A big, old happy world

I'd like to see a variation of that "first baby of the new year" feature newspapers are always running to honor the 6,500,000,000th person born on Earth Saturday. How many people can the Earth support? Short answer: As many as there are. Every since Malthus, various "experts," such as Paul Ehrlich, have been predicting that overpopulation would eventually exhaust the world's resources. They've been wrong every single time, but people still keep paying attention to them.

Posted in: Current Affairs

Comments

barry
Thu, 02/23/2006 - 6:55am

Yeah, I used to scoff at Malthus and Ehrlich, too, back when I was a wise, old 18 year old.

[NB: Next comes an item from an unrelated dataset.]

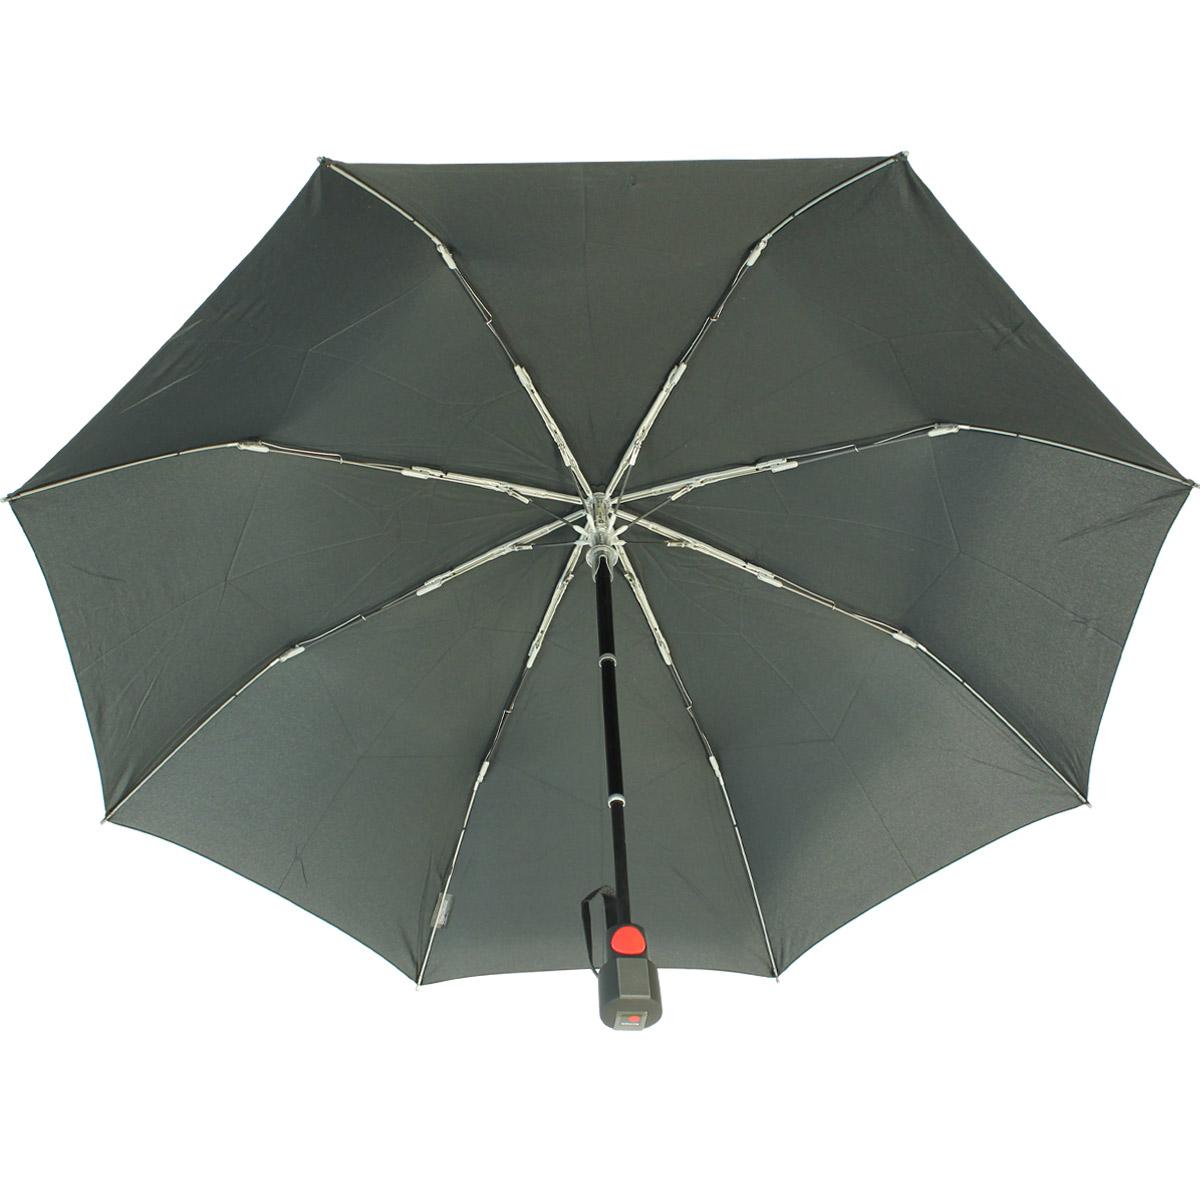 knirps regenschirm fiber t1 ac black schwarz 34 99. Black Bedroom Furniture Sets. Home Design Ideas

Why, hadn't Ehrlich and his ilk been proven wrong when Ehrlich lost the commodities prices bet with Julian Simon?

Look, I'd rather be around a libertarian almost any day than anyone else, because libertarians are optimistic. Where libertarians go wrong is in believing that man's mind has an *infinite* capacity to peacefully solve the problems of overpopulation and shortage of resources. But libertarians cannot prove their belief in this *infinite* capacity. All libertarians can do is mock Malthus and Ehrlich and the like as doom-sayers, as Chicken Littles.

Well I've got news for you libertarians: Resources on this Earth *are* finite. Yes, man has the capacity to make the most of bad situations, man's mind can turn what would seem to be dross into materials as good as gold--but only up to a point. And because resources on Earth *are* finite, there are real limits to the population of this Earth. For an absurd example, imagine there are humans enough to occupy every square foot of space on the planet. What space will be allocated for the next generation?

Perhaps libertarians count on mining the moon for additional resources, and/or in terraforming Mars. But it's irresponsible to consume all of the Earth's resources with abandon, and to encourage human population growth based on pie-in-the-sky plans of terraforming other planets and excavating the moon.

Now, in one respect, you're right in saying that the Earth can support as many people as there are. But at what cost? The mass extinction of other species? At some point, the system will collapse, and an ecosystem that formerly sustained millions of humans will be lucky to sustain hundreds. Better we recognize our limits and reduce human population--our footprint on the Earth--before the Earth takes matters out of our hands and solves our overpopulation with disease and famine.

An excellent resource for recovering libertarians, that is, those who recognize that there *are* limits to growth, are the writings of Garrett Hardin, author of the famous paper, "The Tragedy of the Commons."

http://www.garretthardinsociety.org/

Hardin's book "Living Within Limits: Ecology, Economics, and Population Taboos" is an excellent place to start.